Deadspin.com first posted the video Tuesday afternoon, and Cooper was quick to address his racist remark head-on.

“I am so ashamed and disgusted with myself,” he said in a statement. “I want to apologize. I have been offensive. I have apologized to my coach, Jeffrey Lurie, and Howie Roseman, and to my teammates. I owe an apology to the fans and to this community. I am so ashamed, but there are no excuses. What I did was wrong and I will accept the consequences.”

Eagles owner Jeffrey Lurie subsequently released a statement of his own: “We are shocked and appalled by Riley Cooper’s words. This sort of behavior or attitude from anyone has no role in a civil society. He has accepted responsibility for his words and his actions. He has been fined for this incident.“

The NFL league office soon followed suit: “The NFL stands for diversity and inclusion. Comments like this are wrong, offensive, and unacceptable.”

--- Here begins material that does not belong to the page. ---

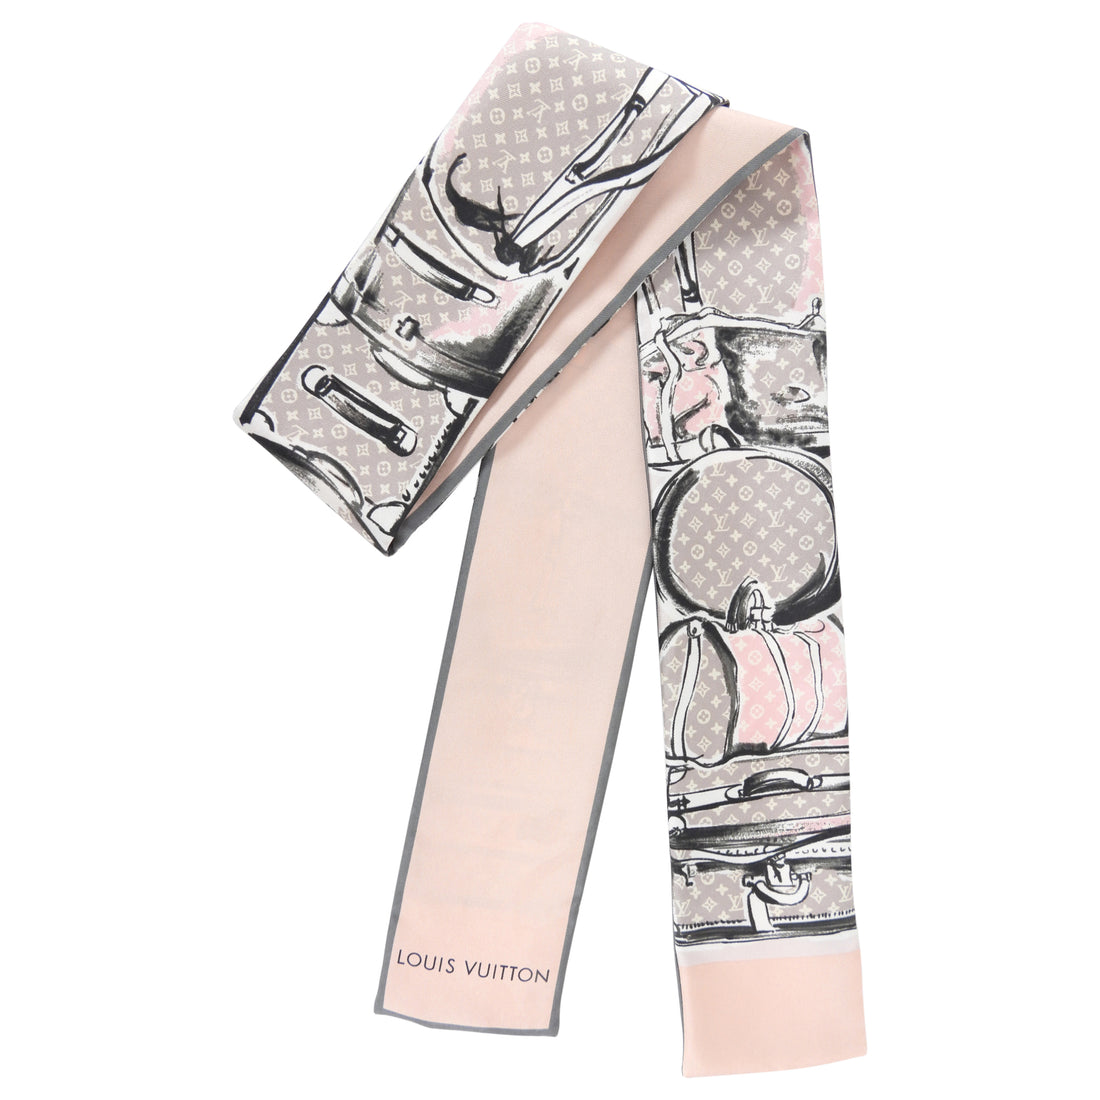 Pink and grey never goes wrong #louis vuitton #bandeau
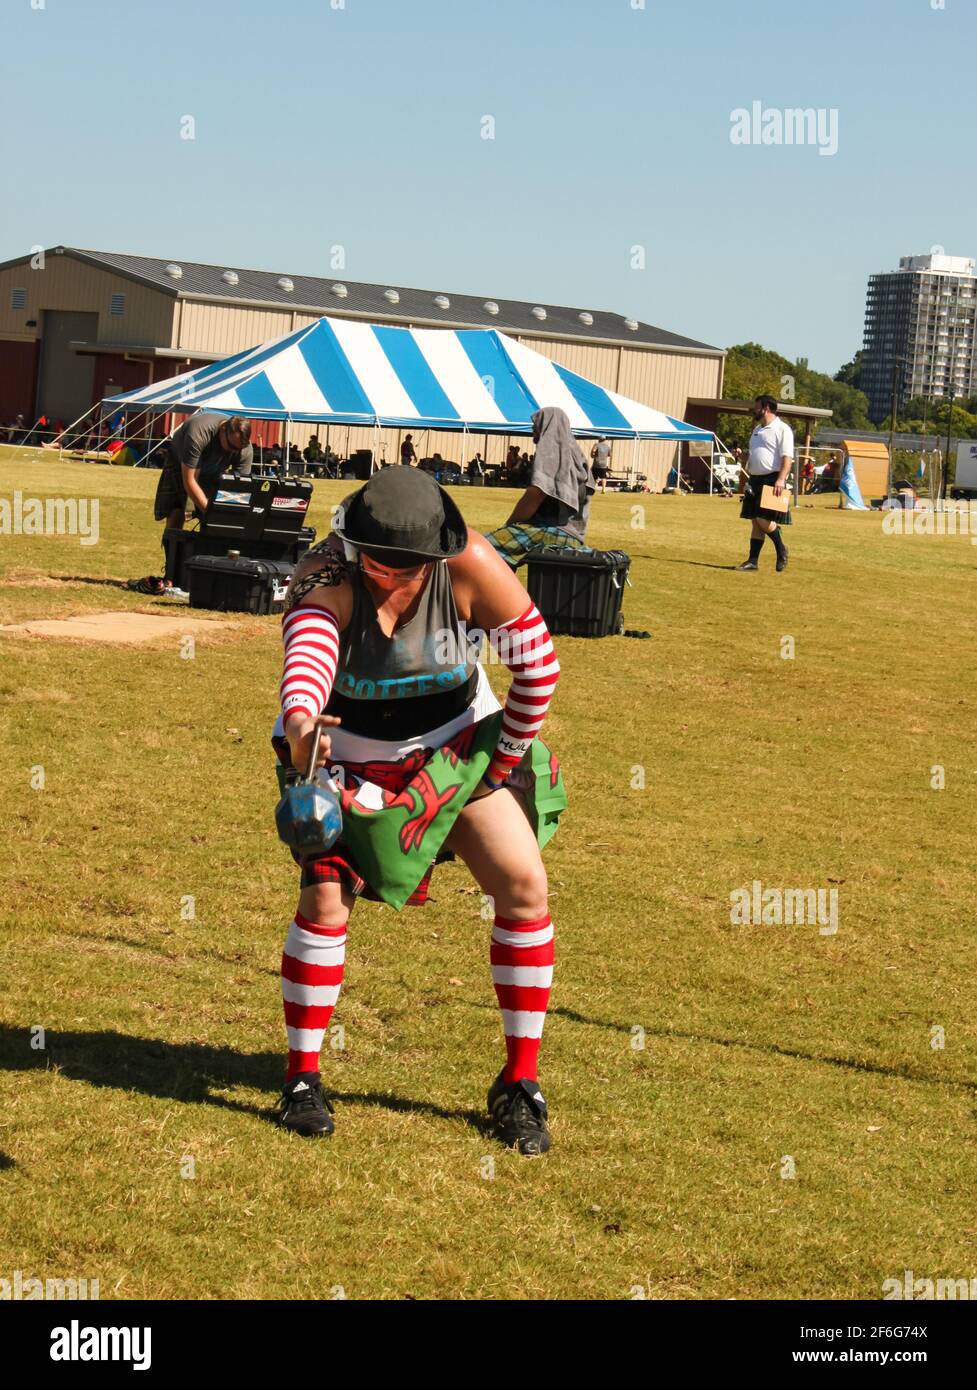 Woman competing in Weight of height strength test at Scottish Highland games getting ready to throw weight over high bar Tulsa Oklahoma USA circa 9 - Stock Photo

The fine assessed to Cooper appears to have been substantial as he told the media it was for a “good amount of money…but that’s really not important. The situation should not have [gone down] the way I dealt with it.”

Cooper explained that he was drunk during the concert and made the remark at an African-American security guard after an altercation, though he noted that being under the influence of alcohol was “no excuse for what I said and what I did.” He also said the N-word is not a term he normally uses and that he had never uttered it before.

“I’m extremely embarrassed, I’m extremely hurt and extremely sorry for my actions,” he said. Cooper added that he explained the entire situation to his team’s ownership, management and coaching staff and is “willing to accept any consequences.”

“This is kind of the lowest of the lows. This isn’t the type of person I want to be portrayed as. This is’t the type of person I am. I’m just extremely sorry,” Cooper said.

He also said that he hopes to address his actions with his teammates. “I’m going to tell them exactly what I’m telling you [the media] – how extremely sorry I am. I should have never said what I said. Most of the ones that know me, which excludes the rookies coming in, they know what type of person I am.”

He continued: “I don’t use that term. I was raised way better than that. I got a great mom and dad at home, and they are disgusted in my actions.”

UPDATED – 9 p.m.: After Cooper held a meeting with his teammates, a number of them spoke to the media about the situation and expressed their personal opinions. The below quotes are courtesy of USA Today.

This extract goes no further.